## What this task involves
Extract from the entries below, exactly as given, only the lines from the line containing "4 Stühle Seashell von Dedon 05" to the line containing "خرید ساعت مچی", both lines included.

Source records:
···

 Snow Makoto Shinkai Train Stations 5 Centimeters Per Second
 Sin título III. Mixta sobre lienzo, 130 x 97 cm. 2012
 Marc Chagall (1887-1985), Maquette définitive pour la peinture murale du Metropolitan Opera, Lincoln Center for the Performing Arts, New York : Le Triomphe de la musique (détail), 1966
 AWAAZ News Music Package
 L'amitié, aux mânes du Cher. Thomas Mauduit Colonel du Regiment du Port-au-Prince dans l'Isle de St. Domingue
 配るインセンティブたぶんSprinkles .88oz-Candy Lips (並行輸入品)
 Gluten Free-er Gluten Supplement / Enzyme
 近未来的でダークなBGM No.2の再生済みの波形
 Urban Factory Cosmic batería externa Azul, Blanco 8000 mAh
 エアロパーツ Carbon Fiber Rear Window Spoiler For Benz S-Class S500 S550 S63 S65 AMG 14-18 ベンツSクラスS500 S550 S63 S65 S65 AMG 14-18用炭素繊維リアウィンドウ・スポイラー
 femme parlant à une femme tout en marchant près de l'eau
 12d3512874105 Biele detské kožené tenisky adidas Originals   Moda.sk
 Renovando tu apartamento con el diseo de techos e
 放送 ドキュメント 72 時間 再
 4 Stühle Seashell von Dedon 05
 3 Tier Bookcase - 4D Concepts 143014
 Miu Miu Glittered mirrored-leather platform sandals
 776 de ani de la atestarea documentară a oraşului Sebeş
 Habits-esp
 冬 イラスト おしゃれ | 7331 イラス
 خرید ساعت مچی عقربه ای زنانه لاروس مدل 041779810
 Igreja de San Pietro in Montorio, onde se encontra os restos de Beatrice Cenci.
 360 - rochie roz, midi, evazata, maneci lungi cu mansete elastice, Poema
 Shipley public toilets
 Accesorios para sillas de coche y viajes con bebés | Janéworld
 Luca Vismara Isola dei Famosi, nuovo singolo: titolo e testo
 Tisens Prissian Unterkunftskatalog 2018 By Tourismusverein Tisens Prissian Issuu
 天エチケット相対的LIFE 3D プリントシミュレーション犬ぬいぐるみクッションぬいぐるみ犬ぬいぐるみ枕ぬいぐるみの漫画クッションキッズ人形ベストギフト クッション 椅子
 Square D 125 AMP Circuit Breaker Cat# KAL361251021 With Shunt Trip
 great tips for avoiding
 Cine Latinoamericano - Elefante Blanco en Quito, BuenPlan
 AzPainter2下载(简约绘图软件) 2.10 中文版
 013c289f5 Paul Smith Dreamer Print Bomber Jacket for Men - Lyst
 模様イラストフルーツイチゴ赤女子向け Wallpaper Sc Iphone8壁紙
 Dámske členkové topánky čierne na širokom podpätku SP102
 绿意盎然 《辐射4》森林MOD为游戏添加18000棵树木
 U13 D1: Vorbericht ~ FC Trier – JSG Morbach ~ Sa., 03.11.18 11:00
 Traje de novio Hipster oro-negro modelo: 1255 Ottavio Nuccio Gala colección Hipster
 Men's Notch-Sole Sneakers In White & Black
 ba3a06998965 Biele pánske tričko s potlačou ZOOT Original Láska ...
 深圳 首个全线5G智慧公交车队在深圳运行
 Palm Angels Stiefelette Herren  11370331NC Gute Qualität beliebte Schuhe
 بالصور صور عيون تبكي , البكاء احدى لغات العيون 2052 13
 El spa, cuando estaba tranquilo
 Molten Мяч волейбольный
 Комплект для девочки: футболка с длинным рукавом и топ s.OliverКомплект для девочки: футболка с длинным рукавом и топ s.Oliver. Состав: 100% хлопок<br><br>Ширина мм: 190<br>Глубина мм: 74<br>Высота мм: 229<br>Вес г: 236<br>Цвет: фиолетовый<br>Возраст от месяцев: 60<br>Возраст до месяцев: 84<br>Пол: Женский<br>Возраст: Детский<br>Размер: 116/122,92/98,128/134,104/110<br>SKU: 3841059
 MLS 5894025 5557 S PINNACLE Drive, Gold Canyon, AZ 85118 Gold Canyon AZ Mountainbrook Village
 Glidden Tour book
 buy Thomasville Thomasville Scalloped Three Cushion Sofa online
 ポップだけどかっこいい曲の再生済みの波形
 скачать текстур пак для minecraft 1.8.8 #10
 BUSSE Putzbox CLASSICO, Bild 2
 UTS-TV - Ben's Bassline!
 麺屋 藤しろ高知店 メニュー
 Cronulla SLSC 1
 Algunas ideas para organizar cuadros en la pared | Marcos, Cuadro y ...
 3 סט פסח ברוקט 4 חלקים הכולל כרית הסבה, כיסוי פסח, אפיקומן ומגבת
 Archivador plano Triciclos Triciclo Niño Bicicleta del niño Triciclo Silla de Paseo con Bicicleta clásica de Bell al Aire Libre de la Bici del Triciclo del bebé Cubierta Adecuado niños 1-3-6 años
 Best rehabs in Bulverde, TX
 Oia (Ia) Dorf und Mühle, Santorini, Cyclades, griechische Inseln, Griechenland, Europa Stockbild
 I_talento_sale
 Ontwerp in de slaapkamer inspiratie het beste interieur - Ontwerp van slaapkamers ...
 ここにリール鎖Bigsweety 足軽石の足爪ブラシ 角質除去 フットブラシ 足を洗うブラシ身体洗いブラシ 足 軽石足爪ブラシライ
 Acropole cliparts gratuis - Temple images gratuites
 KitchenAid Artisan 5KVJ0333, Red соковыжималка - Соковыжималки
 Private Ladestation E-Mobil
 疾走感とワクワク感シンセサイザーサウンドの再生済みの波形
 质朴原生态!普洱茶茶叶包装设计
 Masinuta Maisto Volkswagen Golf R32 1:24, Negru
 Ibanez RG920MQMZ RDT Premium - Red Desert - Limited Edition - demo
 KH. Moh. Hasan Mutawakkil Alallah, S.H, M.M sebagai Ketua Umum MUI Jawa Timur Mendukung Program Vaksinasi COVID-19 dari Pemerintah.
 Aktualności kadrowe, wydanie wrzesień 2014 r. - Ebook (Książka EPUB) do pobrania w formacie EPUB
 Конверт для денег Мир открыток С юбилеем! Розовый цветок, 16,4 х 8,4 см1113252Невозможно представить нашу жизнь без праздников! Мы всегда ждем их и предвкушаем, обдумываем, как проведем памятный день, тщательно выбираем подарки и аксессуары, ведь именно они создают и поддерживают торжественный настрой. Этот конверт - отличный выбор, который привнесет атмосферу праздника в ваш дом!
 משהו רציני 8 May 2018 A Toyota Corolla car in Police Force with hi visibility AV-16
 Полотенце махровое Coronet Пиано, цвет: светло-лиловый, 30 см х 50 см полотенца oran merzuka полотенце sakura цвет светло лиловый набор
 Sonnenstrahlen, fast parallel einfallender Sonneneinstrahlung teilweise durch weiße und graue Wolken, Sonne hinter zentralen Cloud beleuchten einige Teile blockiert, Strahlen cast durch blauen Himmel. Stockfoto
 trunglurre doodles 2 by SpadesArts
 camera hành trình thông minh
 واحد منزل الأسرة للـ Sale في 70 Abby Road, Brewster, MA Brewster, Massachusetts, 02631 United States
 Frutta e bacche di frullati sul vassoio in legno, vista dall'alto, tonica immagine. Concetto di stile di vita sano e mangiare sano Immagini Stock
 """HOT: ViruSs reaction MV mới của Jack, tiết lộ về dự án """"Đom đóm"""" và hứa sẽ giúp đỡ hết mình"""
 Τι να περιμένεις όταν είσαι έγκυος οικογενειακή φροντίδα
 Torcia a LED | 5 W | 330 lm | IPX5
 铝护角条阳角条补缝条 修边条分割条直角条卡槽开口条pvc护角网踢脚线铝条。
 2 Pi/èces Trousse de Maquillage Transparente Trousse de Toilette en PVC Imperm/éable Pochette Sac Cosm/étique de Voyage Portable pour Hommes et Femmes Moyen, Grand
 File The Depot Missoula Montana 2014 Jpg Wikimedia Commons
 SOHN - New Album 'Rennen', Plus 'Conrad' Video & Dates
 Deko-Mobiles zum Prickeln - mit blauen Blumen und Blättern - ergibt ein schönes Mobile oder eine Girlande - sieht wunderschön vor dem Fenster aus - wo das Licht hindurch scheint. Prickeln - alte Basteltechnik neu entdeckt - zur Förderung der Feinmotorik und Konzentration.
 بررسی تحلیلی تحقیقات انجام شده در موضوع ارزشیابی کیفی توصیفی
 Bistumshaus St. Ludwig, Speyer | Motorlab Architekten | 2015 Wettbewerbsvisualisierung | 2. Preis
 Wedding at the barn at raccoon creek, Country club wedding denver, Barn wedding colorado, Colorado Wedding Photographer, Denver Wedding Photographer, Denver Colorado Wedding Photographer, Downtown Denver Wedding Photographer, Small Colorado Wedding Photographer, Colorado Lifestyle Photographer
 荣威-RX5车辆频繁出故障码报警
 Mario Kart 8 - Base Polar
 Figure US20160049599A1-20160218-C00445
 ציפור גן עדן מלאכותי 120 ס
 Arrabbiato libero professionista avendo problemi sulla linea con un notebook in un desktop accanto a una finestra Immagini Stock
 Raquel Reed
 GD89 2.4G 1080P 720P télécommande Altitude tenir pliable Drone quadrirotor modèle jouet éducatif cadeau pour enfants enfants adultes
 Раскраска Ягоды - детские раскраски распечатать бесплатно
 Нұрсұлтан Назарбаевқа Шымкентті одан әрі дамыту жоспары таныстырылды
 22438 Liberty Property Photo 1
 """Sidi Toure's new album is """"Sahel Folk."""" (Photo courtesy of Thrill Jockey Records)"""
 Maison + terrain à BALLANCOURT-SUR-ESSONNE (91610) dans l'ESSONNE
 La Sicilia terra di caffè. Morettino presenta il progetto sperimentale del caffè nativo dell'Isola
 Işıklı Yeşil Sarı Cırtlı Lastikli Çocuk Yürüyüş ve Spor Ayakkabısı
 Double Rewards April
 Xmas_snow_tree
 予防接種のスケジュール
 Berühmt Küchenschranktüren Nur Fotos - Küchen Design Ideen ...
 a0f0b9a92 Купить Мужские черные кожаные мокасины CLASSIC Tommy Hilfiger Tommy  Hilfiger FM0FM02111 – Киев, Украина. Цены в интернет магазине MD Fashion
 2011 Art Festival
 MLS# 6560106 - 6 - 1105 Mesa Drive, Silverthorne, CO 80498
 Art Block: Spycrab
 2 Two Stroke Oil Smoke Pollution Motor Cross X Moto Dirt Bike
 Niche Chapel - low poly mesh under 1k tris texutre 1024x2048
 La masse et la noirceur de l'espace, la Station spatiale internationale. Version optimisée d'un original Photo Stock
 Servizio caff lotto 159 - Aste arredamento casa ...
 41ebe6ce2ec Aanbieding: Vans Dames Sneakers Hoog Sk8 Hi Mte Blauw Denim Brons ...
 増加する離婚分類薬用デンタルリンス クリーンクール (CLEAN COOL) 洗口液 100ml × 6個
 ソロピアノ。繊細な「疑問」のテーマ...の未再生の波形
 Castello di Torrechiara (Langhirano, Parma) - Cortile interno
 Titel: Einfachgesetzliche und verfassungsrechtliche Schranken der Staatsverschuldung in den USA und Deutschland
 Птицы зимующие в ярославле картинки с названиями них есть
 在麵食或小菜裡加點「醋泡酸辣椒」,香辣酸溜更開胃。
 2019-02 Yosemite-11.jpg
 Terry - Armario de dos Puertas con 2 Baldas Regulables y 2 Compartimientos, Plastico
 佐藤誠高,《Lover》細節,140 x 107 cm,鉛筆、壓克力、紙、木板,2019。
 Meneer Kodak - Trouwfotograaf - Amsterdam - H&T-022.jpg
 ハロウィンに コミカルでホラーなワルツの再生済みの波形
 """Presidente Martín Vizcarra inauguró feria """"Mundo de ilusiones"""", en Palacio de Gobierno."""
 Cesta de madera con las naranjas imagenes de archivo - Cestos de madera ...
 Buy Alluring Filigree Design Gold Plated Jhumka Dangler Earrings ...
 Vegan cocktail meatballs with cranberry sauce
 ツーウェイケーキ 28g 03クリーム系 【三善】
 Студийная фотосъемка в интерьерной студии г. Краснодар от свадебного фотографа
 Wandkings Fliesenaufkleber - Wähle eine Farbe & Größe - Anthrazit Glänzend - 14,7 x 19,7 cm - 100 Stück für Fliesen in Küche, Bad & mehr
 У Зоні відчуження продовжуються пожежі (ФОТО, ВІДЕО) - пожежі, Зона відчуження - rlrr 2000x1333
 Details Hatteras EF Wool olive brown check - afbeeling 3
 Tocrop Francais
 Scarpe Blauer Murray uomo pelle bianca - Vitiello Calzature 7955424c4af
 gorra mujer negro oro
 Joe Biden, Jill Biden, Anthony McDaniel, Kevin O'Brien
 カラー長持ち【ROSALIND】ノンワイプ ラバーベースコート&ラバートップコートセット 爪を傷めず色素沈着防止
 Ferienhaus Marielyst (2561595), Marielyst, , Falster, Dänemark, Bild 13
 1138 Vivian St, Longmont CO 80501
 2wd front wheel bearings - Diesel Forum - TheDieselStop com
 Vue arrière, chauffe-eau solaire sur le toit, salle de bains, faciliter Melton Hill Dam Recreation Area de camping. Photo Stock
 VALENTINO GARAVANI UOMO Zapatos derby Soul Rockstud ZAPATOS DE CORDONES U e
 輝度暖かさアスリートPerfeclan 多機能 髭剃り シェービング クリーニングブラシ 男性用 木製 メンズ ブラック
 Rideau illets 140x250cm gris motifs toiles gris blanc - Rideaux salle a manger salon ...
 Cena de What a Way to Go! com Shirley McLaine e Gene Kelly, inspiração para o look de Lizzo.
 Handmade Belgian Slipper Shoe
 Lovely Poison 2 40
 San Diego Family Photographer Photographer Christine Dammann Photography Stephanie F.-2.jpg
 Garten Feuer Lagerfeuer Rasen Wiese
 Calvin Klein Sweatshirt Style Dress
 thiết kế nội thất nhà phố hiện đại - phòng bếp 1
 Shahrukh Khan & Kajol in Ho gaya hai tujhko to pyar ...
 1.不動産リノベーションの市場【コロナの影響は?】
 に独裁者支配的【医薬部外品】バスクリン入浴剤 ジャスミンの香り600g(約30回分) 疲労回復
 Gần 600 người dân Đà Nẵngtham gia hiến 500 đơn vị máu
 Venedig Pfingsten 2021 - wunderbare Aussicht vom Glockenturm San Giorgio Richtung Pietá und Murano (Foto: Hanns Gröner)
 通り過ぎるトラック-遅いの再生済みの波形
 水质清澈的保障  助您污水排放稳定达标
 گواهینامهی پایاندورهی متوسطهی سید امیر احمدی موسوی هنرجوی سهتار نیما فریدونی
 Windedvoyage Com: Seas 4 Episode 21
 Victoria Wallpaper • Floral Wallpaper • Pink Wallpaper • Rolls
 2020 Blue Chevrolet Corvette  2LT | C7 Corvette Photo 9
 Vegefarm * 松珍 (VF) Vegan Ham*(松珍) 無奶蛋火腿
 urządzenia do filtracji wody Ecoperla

···

## Solution to this task
 4 Stühle Seashell von Dedon 05
 3 Tier Bookcase - 4D Concepts 143014
 Miu Miu Glittered mirrored-leather platform sandals
 776 de ani de la atestarea documentară a oraşului Sebeş
 Habits-esp
 冬 イラスト おしゃれ | 7331 イラス
 خرید ساعت مچی عقربه ای زنانه لاروس مدل 041779810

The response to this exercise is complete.